DHS funded, finally -- plus data fusion and a Networx extension


House funds DHS for FY 2015

Washington breathed a sigh of relief the afternoon of March 3 as the House passed a bill funding the Department of Homeland Security through the end of the year.

The House voted 257-167 for the measure, which would not overturn President Barack Obama's plan to allow millions of illegal immigrants to remain in the country, ending weeks of anxiety at DHS over its operational situation.

Without the measure, DHS would have furloughed 30,000 workers and left thousands more working for no pay -- and possibly delayed new cybersecurity technology implementation.

House panel delves into cyber threat

Committees in both chambers of Congress are teeing up possible cybersecurity legislation with hearings exploring the ongoing threat posed by cyber adversaries to U.S. business, infrastructure and government institutions. The House Energy and Commerce Committee's Subcommittee on Oversight and Investigations got an overview in a March 3 hearing that featured academic experts and practitioners.

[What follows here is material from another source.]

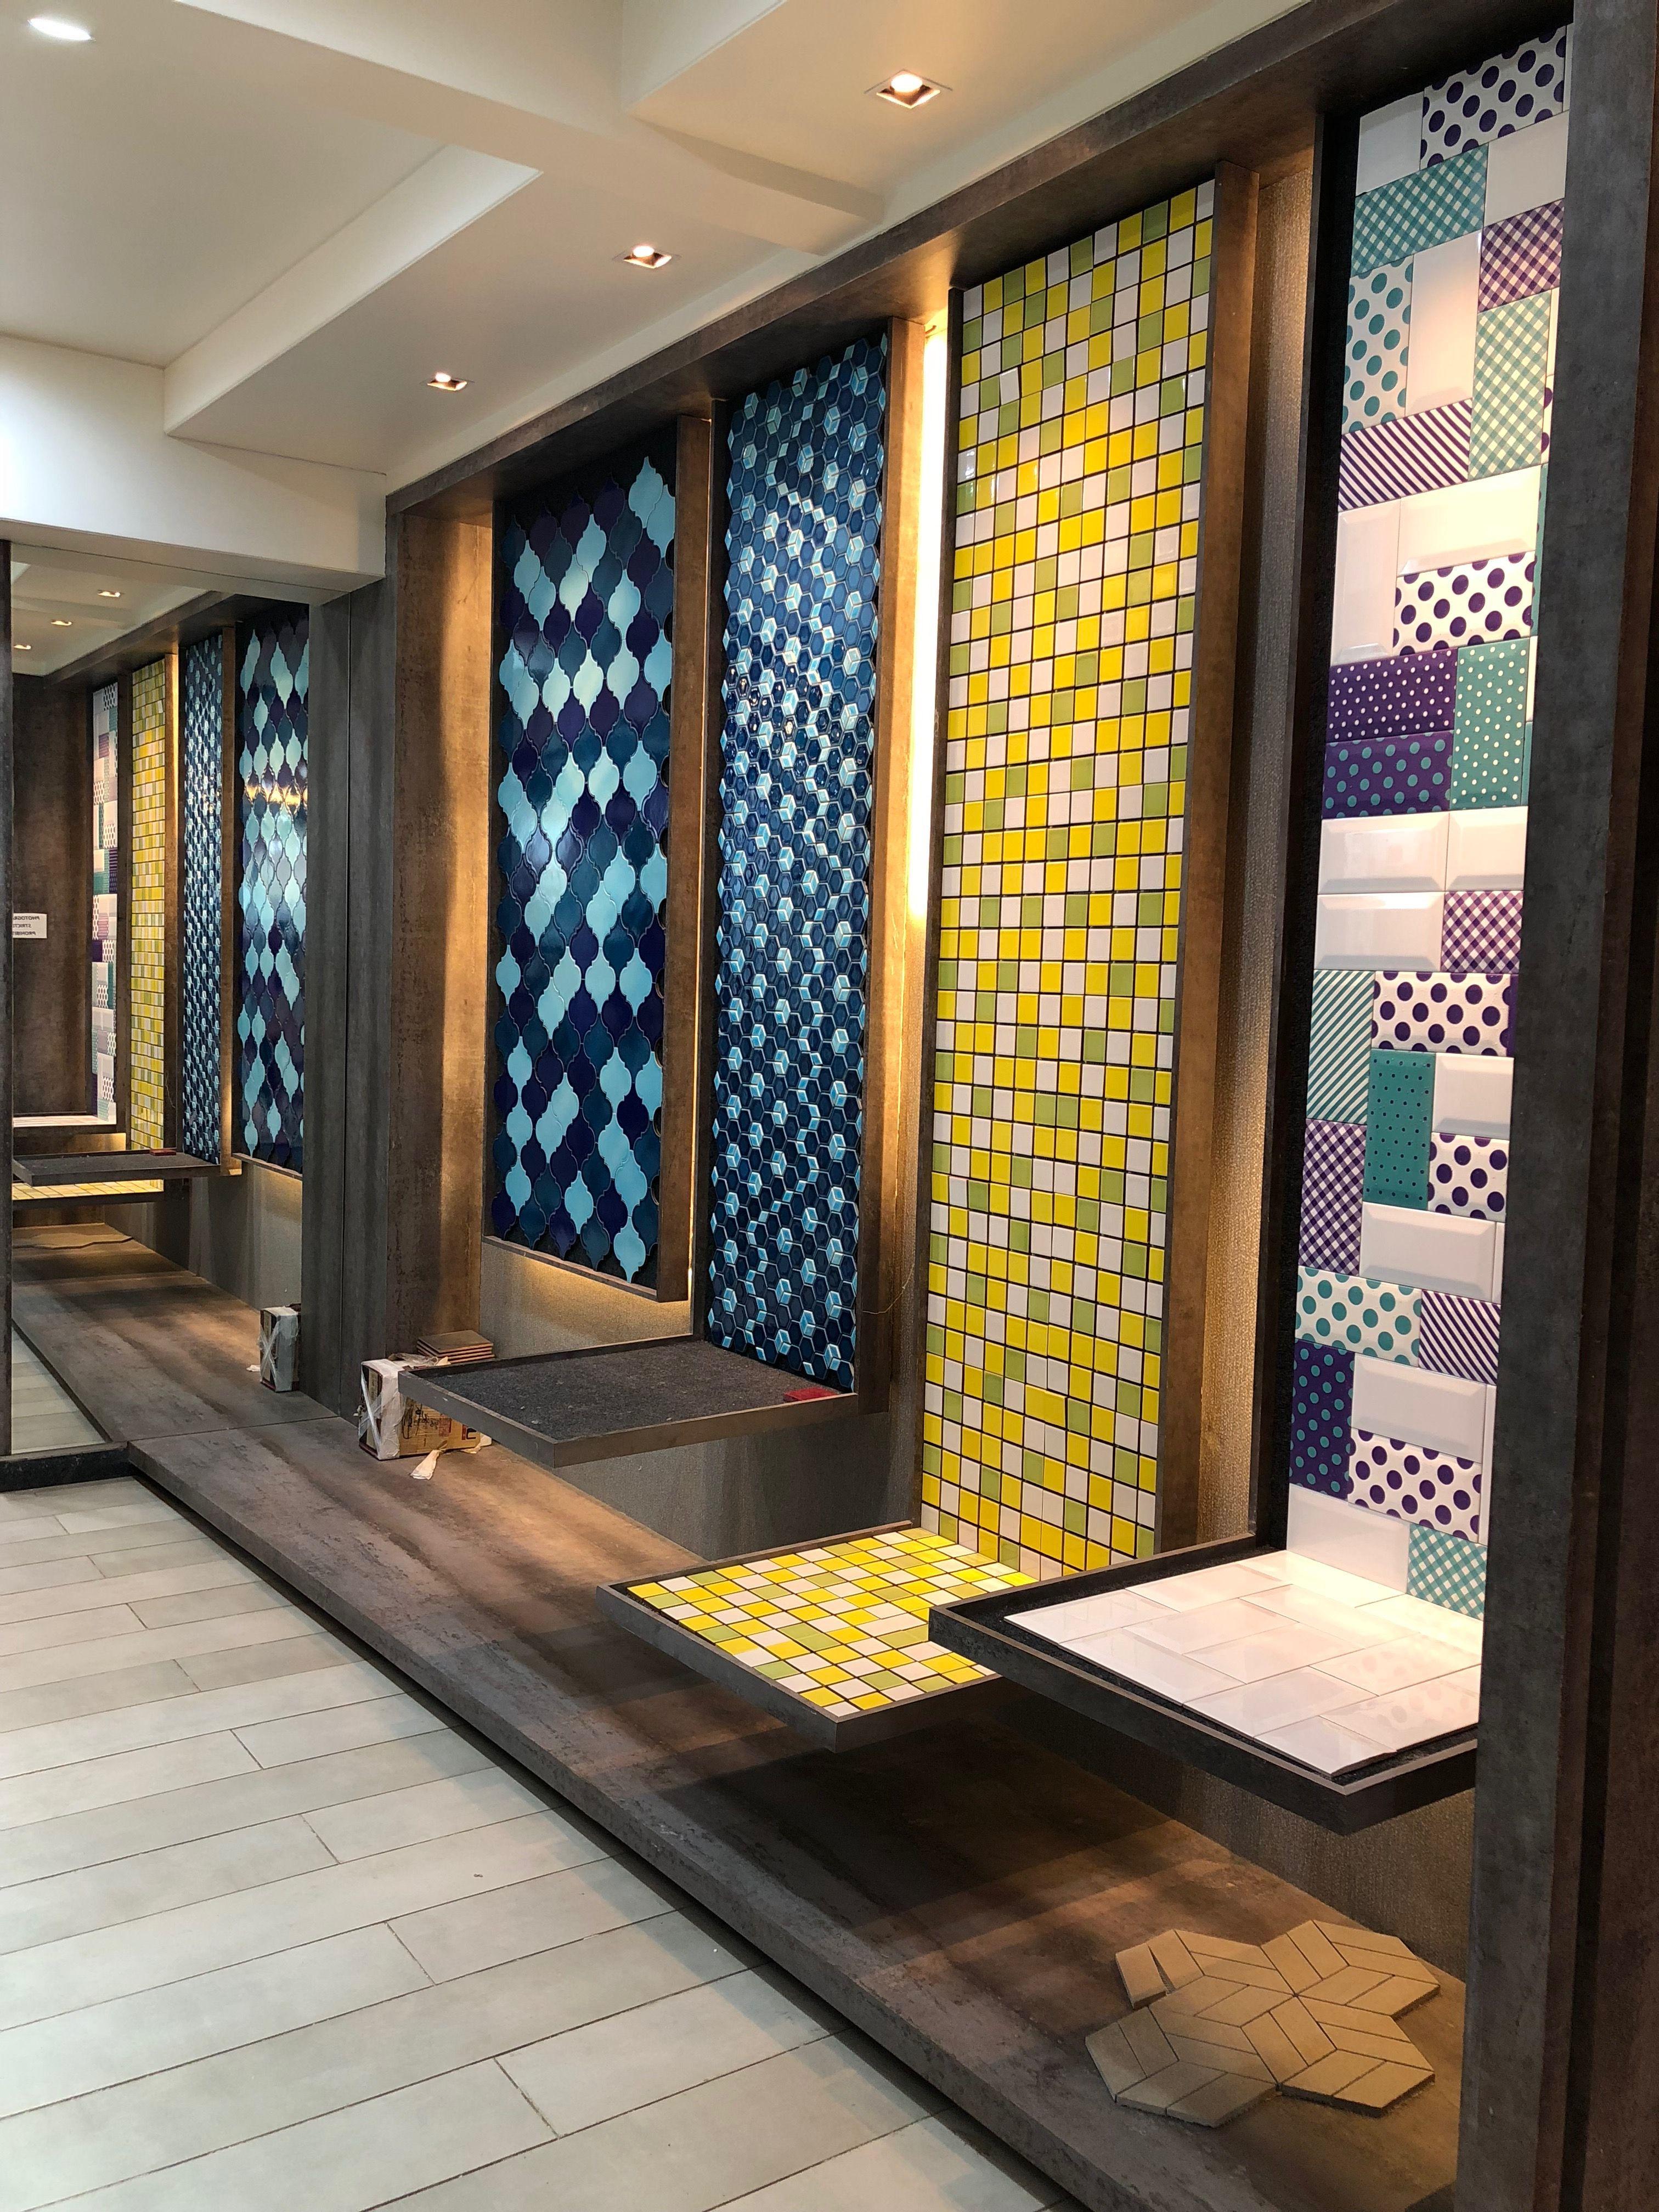 98 displays ideas display tile

One important element that emerged from the oversight hearing is that businesses and institutions can do much more to protect themselves, even without legislation that would require minimum best practices for the safeguarding of data, or measures to allow the government to investigate attacks on commercial networks in real time. "We can make it a lot harder for the attackers," said Herbert Lin, a scholar at Stanford University. "There are known technology and procedures we can deploy to improve security, but we don't use them."

GSA aims to extend Networx contracts

Three days after the General Services Administration released a draft request for proposals for its next major telecommunications acquisition vehicle, the agency announced that the current edition will be sticking around a little while longer.

The Networx Universal and Networx Enterprise contracts, through which agencies spent $1.5 billion in fiscal year 2014, are slated to expire in March and May of 2017, respectively. Mary Davie, the assistant commissioner for integrated technology services in GSA's Federal Acquisition Service, wrote in a March 3 blog post that her agency is "beginning discussions with current Networx contractors for three-year extensions" on both contracts, "to provide time for a phased and orderly transition to EIS."

EIS refers to Enterprise Infrastructure Solutions contracts -- the main vehicles for GSA's Network Solutions 2020 strategy. GSA hopes to have a final EIS RFP ready by July, and to award contracts by January 2017.

Army aims to speed up data fusion on battlefield

The Army's Communications-Electronic Research, Development and Engineering Center has issued a request for information to industry asking for ideas on building a common architecture to handle multi-modal data, Defense Systems reports.

With the military adding more sensors in battlefield scenarios, one of its next goals is better data fusion—the ability to combine data from multiple, sometime disparate, sensor systems -- satellites, unmanned aerial vehicles, ground sensors, radar -- and create a near-real time operational picture that can be viewed from the field.

"The ultimate goal," the RFI states, "is to process all collected information, make it accessible and discoverable through a standards-based data management framework, and reduce the processing and exploitation time between sensor and analyst."